Multi-layered callback interface¶
As suggested above, the remote SDK implementation is a bit overly complex for several reasons. One of them is the abuse of opaque data types that end up obscuring or forbidding the access to internal data structures without any clear benefits, as the various interfaces within the remote SDK are never meant to be available to users in any case.

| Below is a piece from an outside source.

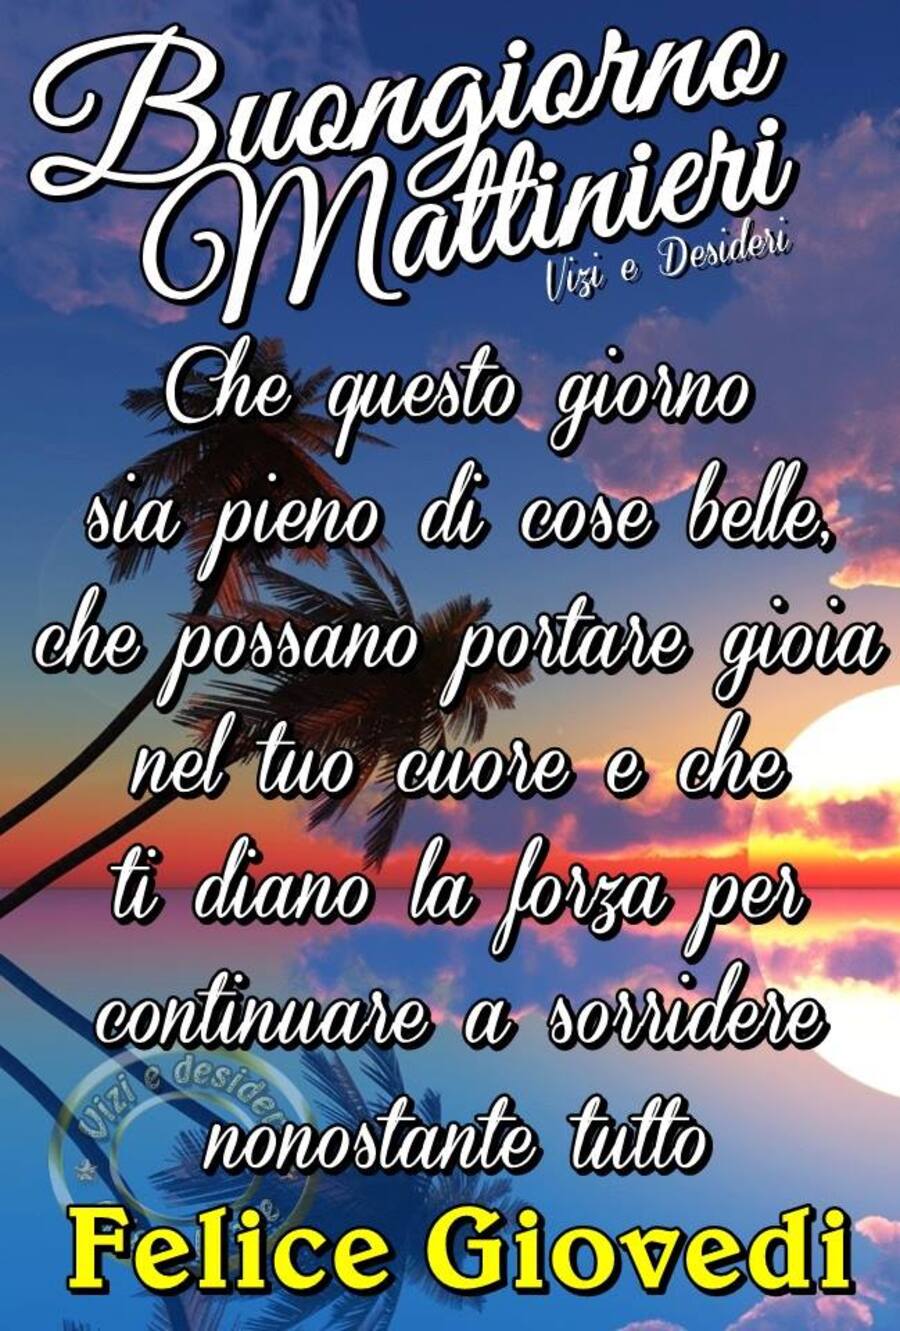 "Buongiorno Mattinieri, che questo giorno sia pieno di cose belle, che possano portare gioia nel tuo cuore e che ti diano la forza per continuare a sorridere nonostante tutto. Buon Giovedì"

As a consequence of this, process_stream_in has no way to retrieve the
struct EVP_client related to the stream, since its caller is only limited
to a struct sdk_client instance. This forces EVP_initialize() to set up
a callback/opaque-pointer pair that allows sdk.c
to insert the new event into struct EVP_client member events, which must
be assigned to its struct sdk_transport instance, which is the only data
type available from struct sdk_client.
FAQ¶
Why not use POSIX sockets directly?¶
Networking in wasi-sdk
is not supported. This means that code such as the example below would not
build because of missing functionality, for example, with undefined reference to socket
link-time errors:
#include <sys/socket.h>
int main(void)
{
int fd = socket(/* arguments */);
/* Application code. */
}
This means applications hosting a Wasm runtime, such as the agent running wasm-micro-runtime, must relay networking from module instances to the host.
Why asynchronous I/O?¶
While a thinner abstraction with identical semantics compared to POSIX sockets could have been possible, an interface always relying on asynchronous semantics was deemed more desirable and interesting to future users.